In an environment where an application depends heavily on external network connections, separating the client application from the application server making the network connection allows the client to be somewhat insulated from network errors and latency. In the SOA for S60 platform, Web service consumer applications are also Symbian client applications. The SOA for S60 platform Service Manager is both a
Symbian server process and a Symbian client process of other Symbian server processes. This architecture ensures a level of robustness in the unstable networking and battery-powered environment of a mobile device.
7.1.2 Active Objects
The Symbian environment uses a feature called Active Objects to allow a software application to register a callback method. This means that the application can send a message to another process asynchronously, without having to wait for a response. This enables the client application to send a message and then perform other functions (such as updating a screen) rather than being forced to wait for a response.
The SOA for S60 platform makes use of active objects in many places, the most notable being the basic interface (CSenServiceConsumer) implemented as service consuming software applications. Active objects allow the application developer to write applications that can send Web service messages asynchronously. The SOA for S60 platform ensures that the consuming application is notified when a response message arrives, rather than having the application wait for a response from the Web service.
7.1.3 Symbian HTTP Stack
The Symbian platform offers access to network transport via an HTTP client stack.
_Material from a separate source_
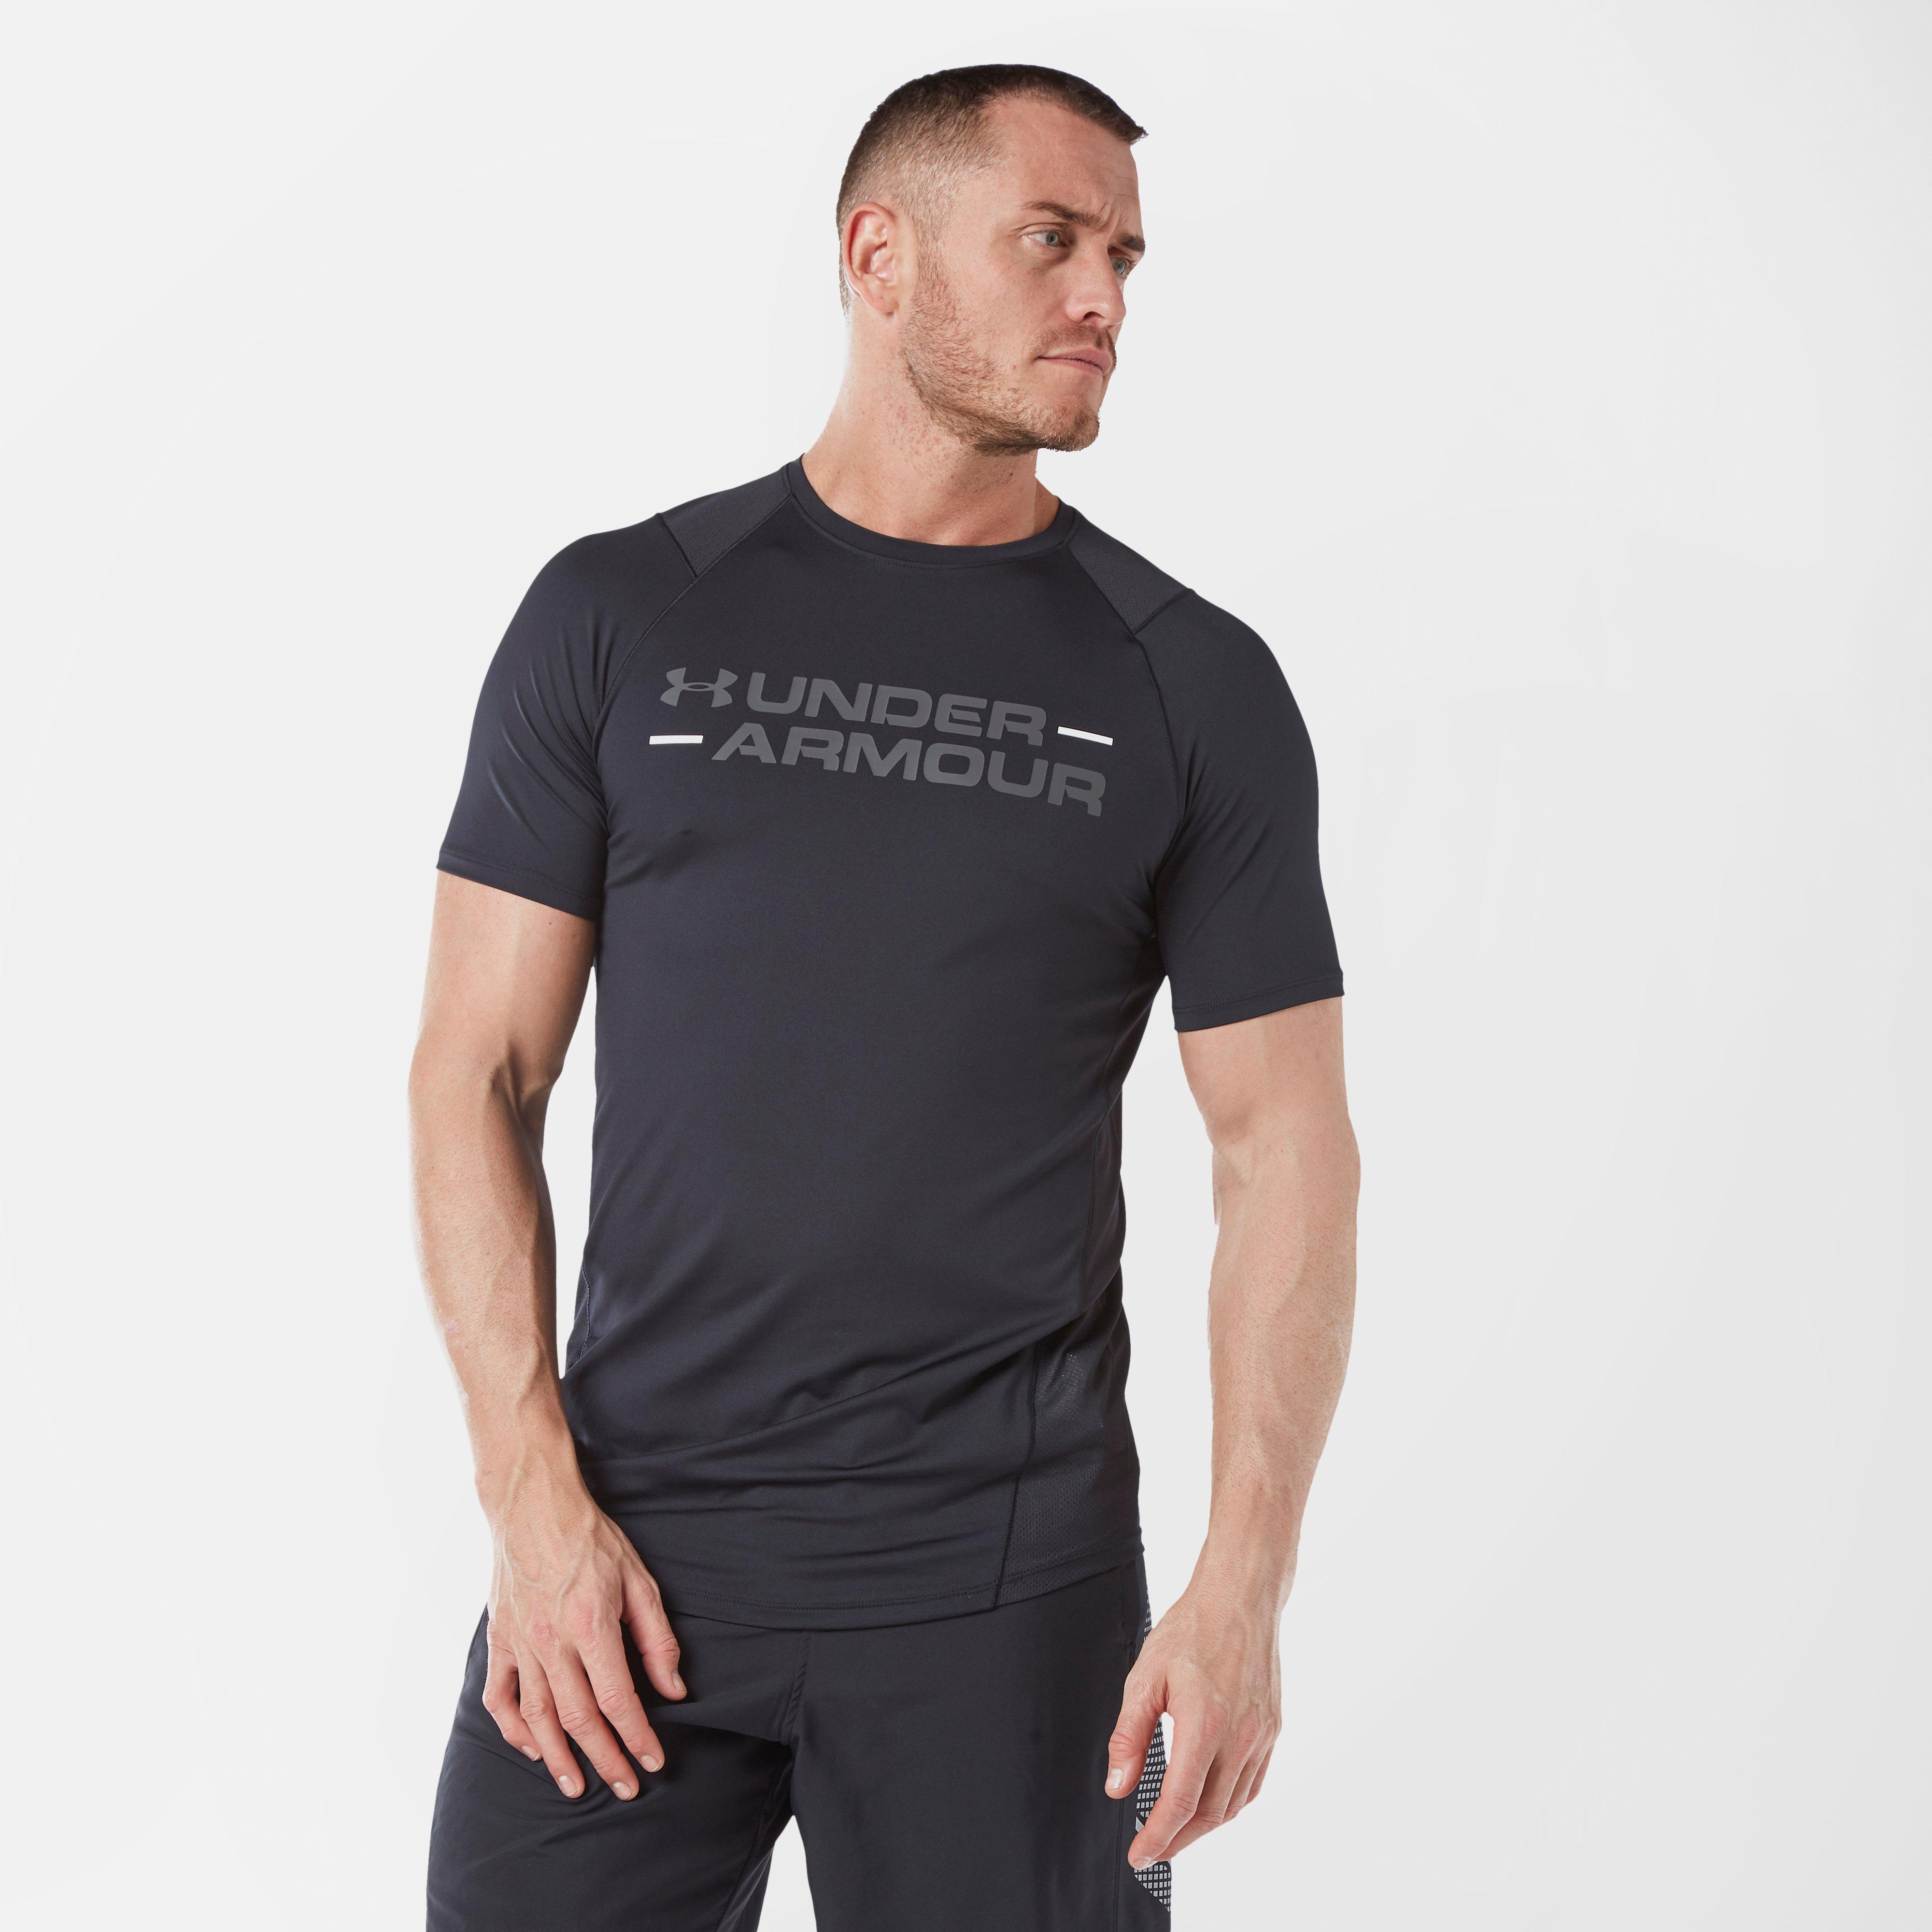 ebc66653 Men's MK-1 Wordmark Short Sleeve T-Shirt

This feature allows, for example, HTTP Basic Authentication, and is the basis for the network connections established by the SOA for S60 platform.
7.1.4 XML Processing
The Symbian Series 80 and S60 platforms provide basic XML processing capabilities. The SOA for S60 platform supplements these by offering a simplified method of XML parsing to be used in Web services. These features enable efficient implementation of XML parsing on a mobile device, specifically for the purpose of parsing (typically) small XML messages (see section 7.7 below).
As noted earlier, the SOA for S60 platform APIs will be available in both Symbian C++ and Java. The Java environment for mobile devices also has to account for the differences inherent in mobile software development. This leads to the Java SOA for S60 platform architecture being based on a Java Native Interface (JNI) wrapper for Symbian SOA for S60 platform libraries. This allows the implementation of a suitable Java
interface, while enjoying the excellent architecture for mobile software development provided by the Symbian environment.
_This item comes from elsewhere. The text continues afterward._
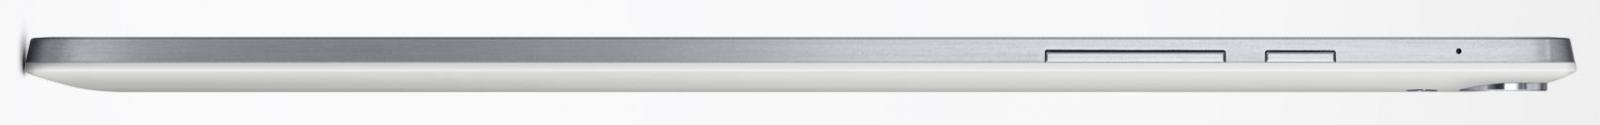 HTC Nexus 9 tablet side view

The appropriate wrapper for the set of platform libraries allows a similar programming model to be provided across all languages that Nokia supports on its mobile devices.
As noted earlier in the book, Web service transactions involve a software application taking the role of either a service consumer or a service provider. Applications using SOA for S60 platform APIs may (in the future) assume either role, exposing mobile device-based functionality (such as your personal calendar or contacts) via a Web service interface.
By using Web services, rather than Web pages (via a Web browser), software developers can create a better mobile-specific user interface because they are not tied to HTML. Web service messages tend to be small compared to HTML pages, as they do not contain presentation layer information.